The new federal state’s remarkable nonchalance with respect to Indigenous affairs underscores just how obvious and unproblematic the issue appeared to Euro-Canadians in the run-up to 1 July 1867 and in the months and years immediately thereafter. The absence of Indigenous affairs from the Confederation debates and the inaction that followed the BNA Act requires us to revise modern Canada’s origin story. We should understand the silence of 1867 as the colonial project at its most imperial, as actors simply assumed it to be natural, necessary, and, indeed, noble. It points to colonial politicians’ unquestioned and unquestioning belief that the state already had “solved” relations with Indigenous peoples, that the new Constitution only needed to recognize the validity of existing practices of territorial dispossession and “improvement.” This silence, underlined and problematized, ought to be at the heart of our thinking about Canada on 1 July, whether in 1867 or 150 years later.

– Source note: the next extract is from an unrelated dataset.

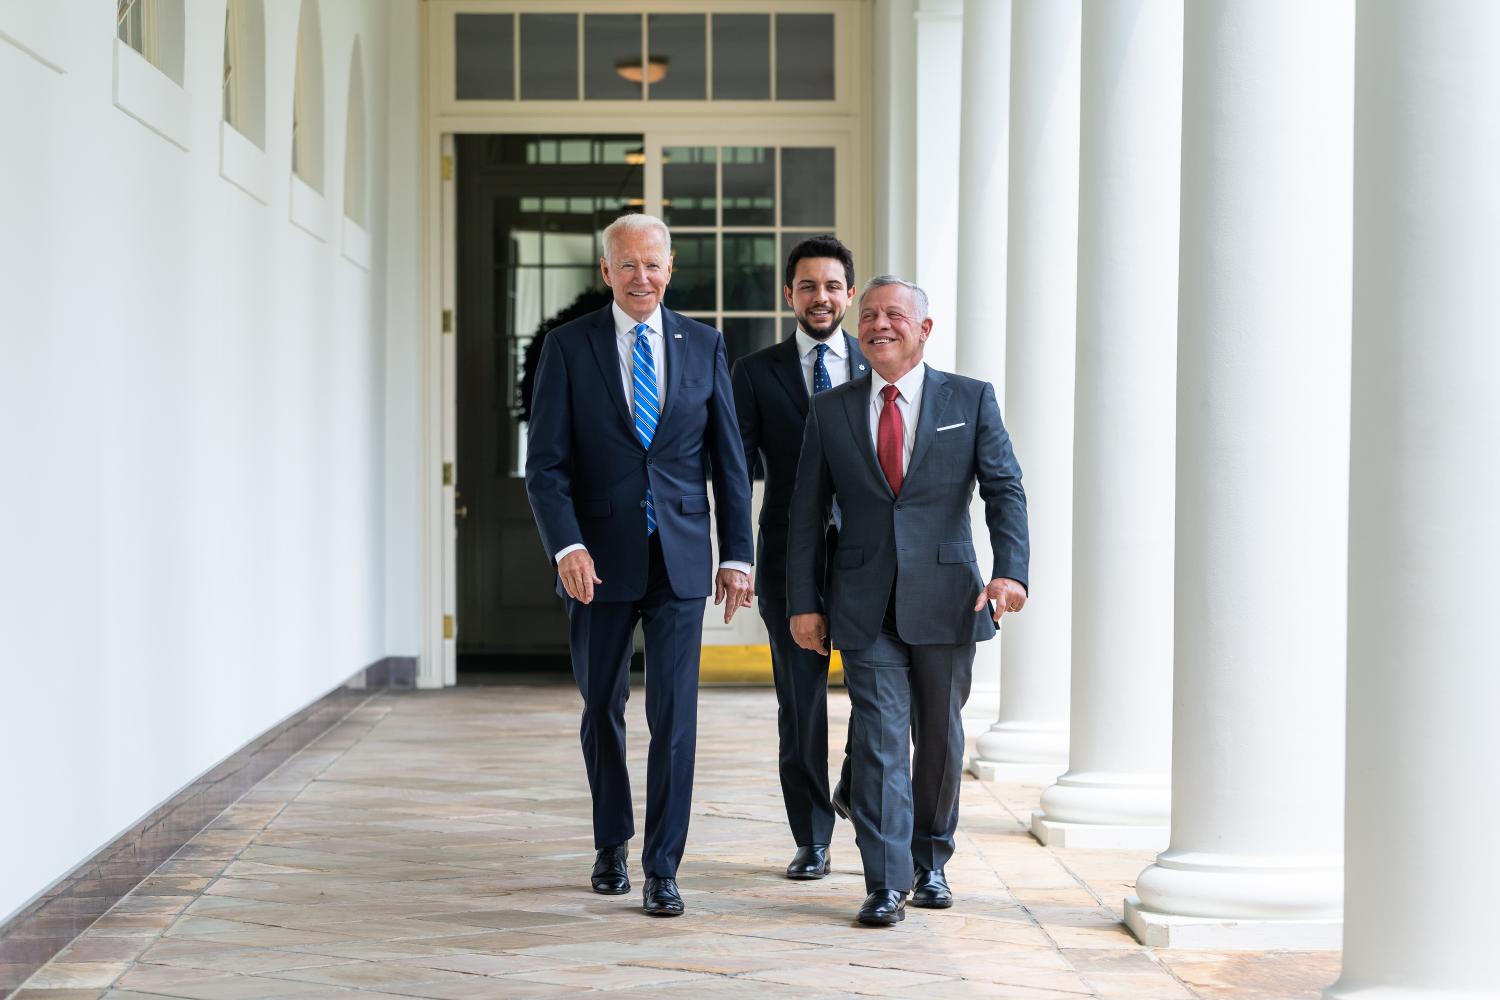 President Joe Biden, King Abdullah II and Crown Prince Al Hussein Bin Abdullah II of Jordan walk along the Colonnade of the White House on Monday, July 19, 2021, to the Oval Office. (Official White House Photo by Adam Schultz via Sipa USA)Please note: Fees charged by the agency are for the agencys services only, and do not, nor are they intended to, convey to the user any ownership of Copyright or License in the material. The agency does not claim any ownership including but not limited to Copyright or License in the attached material. By publishing this material you expressly agree to indemnify and to hold the agency and its directors, shareholders and employees harmless from any loss, claims, damages, demands, expenses (including legal fees), or any causes of action or allegation against the agency arising out of or connected in any way with publication of the material.No Use Germany.

Brian Gettler is an Assistant Professor of History at the University of Toronto. His research interests centre on Indigenous political, economic, and social history and the history of Quebec and Canada since the Conquest. He is currently completing a manuscript on the political history of Indigenous money-use in the nineteenth and twentieth centuries and beginning a project analyzing the central role played by the Department of Indian Affairs in the Confederation-era history of Canadian state formation.


SSHRC provided funding for the research on which this essay is based.

[1] G.E. Cartier, J.J. Ross, and M. East [A.T. Galt] to Sir Edward Lytton, 25 October 1858, in G. P. Browne, ed., Documents on the Confederation of British North America (Montreal: McGill-Queen’s University Press, 2009), 18.

[2] The Special Council, an unelected legislative body imposed following the Rebellion of 1837 in Lower Canada, adopted an ordinance allowing the governor to eject anyone from Indigenous villages in Lower Canada in 1840. The Legislative Assembly also adopted legislation in 1847 – the “Bill to Incorporate the Indian Tribes in Lower Canada” – though the Legislative Council prevented it from becoming law. Maxime Gohier, “La pratique pétitionnaire des Amérindiens de la vallée du Saint-Laurent sous le Régime britannique : pouvoir, représentation et légitimité (1760-1860)” (Thèse de doctorat (histoire), Université du Québec à Montréal, 2014), 531–42.

[3] David Shanahan, “The Indian Land Management Fund: Financing the Indian Department, 1830-1914” (s.l.: Shanahan Research Associates for Treaties and Historical Research, Department of Indian Affairs, August 1991).

[4] Christopher Moore, Three Weeks in Quebec City: The Meeting That Made Canada (Toronto: Allen Lane, 2015), 154.

Featured Image: British North America Act, 1867. Wikimedia Commons, public domain.